### TASK ITEM:
Pick out every line of the entries below where "Women" occurs, and copy those lines.

### TASK INPUTS:
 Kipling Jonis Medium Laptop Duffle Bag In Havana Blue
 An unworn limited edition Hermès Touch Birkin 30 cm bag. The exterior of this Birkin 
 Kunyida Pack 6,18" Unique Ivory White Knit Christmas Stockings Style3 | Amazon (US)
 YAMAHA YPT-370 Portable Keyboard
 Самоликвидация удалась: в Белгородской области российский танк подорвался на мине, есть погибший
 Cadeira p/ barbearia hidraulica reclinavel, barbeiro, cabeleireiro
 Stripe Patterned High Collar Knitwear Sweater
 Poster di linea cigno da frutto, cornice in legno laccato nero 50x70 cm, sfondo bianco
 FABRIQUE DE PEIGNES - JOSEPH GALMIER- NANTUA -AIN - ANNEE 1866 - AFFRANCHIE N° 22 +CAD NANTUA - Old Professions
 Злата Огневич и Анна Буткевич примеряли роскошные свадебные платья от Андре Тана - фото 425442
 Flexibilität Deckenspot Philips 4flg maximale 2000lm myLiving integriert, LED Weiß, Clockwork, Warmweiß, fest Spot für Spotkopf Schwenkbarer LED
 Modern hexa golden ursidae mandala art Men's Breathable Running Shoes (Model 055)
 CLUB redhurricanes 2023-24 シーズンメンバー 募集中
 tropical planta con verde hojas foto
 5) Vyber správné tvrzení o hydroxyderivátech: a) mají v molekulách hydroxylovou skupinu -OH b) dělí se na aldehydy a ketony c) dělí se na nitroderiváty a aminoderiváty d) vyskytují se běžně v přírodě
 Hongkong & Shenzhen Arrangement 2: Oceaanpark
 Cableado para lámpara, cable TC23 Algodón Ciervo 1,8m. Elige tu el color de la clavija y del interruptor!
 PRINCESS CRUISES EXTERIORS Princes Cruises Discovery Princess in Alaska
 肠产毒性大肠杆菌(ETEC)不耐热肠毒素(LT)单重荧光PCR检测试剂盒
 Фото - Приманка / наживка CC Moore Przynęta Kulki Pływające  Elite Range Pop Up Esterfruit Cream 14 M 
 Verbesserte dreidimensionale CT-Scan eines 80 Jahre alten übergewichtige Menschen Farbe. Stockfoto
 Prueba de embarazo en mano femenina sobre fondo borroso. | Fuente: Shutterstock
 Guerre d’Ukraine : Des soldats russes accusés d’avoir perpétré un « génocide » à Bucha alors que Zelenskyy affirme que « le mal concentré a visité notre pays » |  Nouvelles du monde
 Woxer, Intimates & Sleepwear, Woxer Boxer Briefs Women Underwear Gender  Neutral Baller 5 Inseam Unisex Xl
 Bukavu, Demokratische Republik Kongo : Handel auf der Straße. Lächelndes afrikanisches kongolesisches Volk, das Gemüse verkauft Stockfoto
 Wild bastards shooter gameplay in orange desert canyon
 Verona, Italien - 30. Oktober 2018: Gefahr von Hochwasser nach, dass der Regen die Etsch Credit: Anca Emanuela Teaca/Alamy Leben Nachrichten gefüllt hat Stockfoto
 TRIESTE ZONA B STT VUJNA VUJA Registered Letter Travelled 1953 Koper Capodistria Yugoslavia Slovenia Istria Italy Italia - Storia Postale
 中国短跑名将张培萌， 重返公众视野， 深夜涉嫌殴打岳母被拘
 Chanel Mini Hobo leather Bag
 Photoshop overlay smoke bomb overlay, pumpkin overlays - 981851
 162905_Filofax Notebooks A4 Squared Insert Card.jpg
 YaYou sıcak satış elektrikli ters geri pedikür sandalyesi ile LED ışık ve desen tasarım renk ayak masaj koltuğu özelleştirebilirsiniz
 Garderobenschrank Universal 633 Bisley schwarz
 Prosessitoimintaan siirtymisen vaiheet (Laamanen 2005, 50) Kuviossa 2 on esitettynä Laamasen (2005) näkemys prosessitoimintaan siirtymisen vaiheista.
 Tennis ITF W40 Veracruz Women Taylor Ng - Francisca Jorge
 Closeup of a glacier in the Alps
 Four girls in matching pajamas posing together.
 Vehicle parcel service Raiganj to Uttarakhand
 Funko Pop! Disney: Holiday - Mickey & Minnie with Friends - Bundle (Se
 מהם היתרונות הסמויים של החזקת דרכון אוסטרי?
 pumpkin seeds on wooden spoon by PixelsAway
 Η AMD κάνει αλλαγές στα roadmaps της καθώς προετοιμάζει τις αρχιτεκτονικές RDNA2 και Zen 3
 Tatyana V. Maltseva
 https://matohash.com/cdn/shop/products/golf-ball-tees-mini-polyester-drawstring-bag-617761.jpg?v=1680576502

### SOLVED PROBLEM:
 Woxer, Intimates & Sleepwear, Woxer Boxer Briefs Women Underwear Gender  Neutral Baller 5 Inseam Unisex Xl
 Tennis ITF W40 Veracruz Women Taylor Ng - Francisca Jorge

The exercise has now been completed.